写真①:旧・島田屋住宅の前にある三富の落ち葉農業の説明パネル
1.落葉による自然循環型農業
埼玉県の所沢市と三芳町にまたがる地区に、三富(サントメ)と呼ばれる有名な地区がある。下富、中富は所沢市、上富は三芳町に属する。なぜ有名かは農業関係者の一部はよく知っている。落葉や雑草を利用し堆肥を多投し、広い区画の荒地を肥沃な農地に換え、自然循環型有機農法を成功させた江戸時代の開拓地だ。その成果は、チリにも技術移転されたほどで、海外にも知られている。
写真⓶③ 後を支える
武蔵野の雑木林
写真④:雑木林の際から住宅のあるケヤキ並木を見る…かすんで見える
今回問題にしたいのは、上富の属する三芳町は人口3.7万人で、入間市の14.5万人、所沢市の33.8万人に比してすこぶる小さいにもかかわらず、史跡保存に多大な努力をし、同時に地元産品のサツマイモなどのPRにも力を入れ、農業振興にも成功しているからだ。

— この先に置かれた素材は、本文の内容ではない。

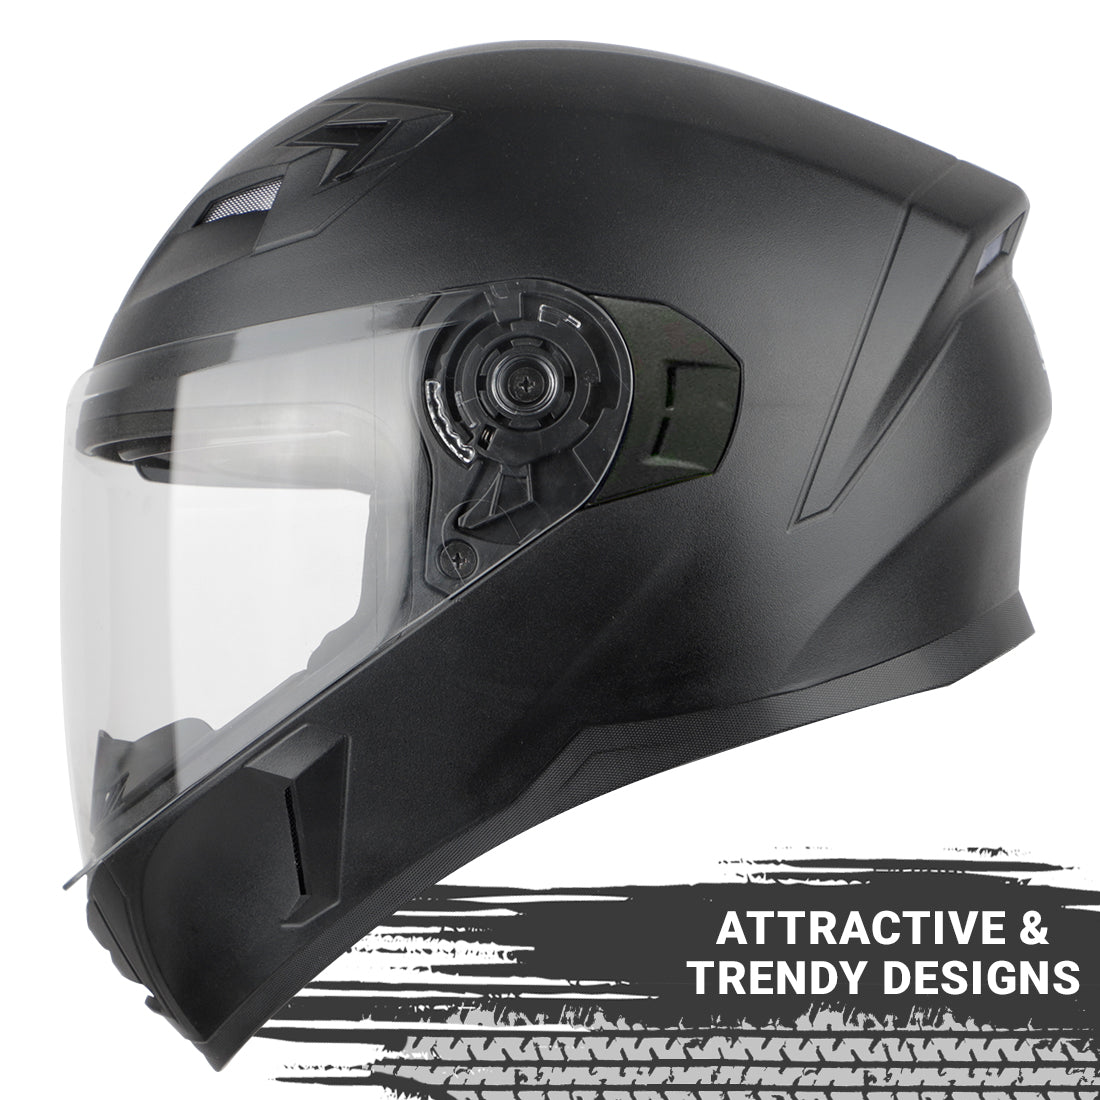 Steelbird SBA-21 GT ISI Certified Full Face Helmet with Clear Visor

この地区は、もともと関東ローム層のやせた荒地であった。周囲の農民の入会地で、屋根をふく萱を刈ったり、堆肥のため落ち葉をかいたり、雑草を刈ったり、薪炭用の雑木を得たりしていたが、資源の取り合いで紛争が絶えなかった。元禄年(1694年)に川越藩主となった柳沢吉保は、元禄9年5月にこの荒地の検地をし、そして縦横の太い道路をつけ、超長くて広い区画の地割をした。上富(三芳町)、中富、下富(共に所沢市)の3村を誕生させた。
2.区画の長辺675m-1区画5ha
長辺は675m、短辺は72mで、立地により長・短辺を調整したが、全体面積は約5ha(実際は4.86ha)と一定。675mと言えば、普通に歩いて8.4分かかる。長辺の片側にはケヤキなどを配した屋敷、片側には落葉や薪炭用のコナラなどの雑木林。写真⓶は、はずれの雑木林の下に立って、住宅のあるケヤキの木立を撮影したものだが、かすんではっきりとは見えない。
図①:上富地区91戸の地割図
かりに屋敷用地に0.5ha、雑木林に1haを当てたにしても、なお3.5haが農地になる。戦後、まだ農地の集中が進まない昭和35年の1農家平均の耕地は0.77haである。やせ地とはいえ3.5haはこの4.5倍。落葉農業で土地の肥沃化を進め、後の発展につながった。関東ローム層の緩やかな台地のため、河川がなく導水も考えたがうまく行かず、三富全体で22mの深さの井戸を11ケ所に掘り共同利用もした。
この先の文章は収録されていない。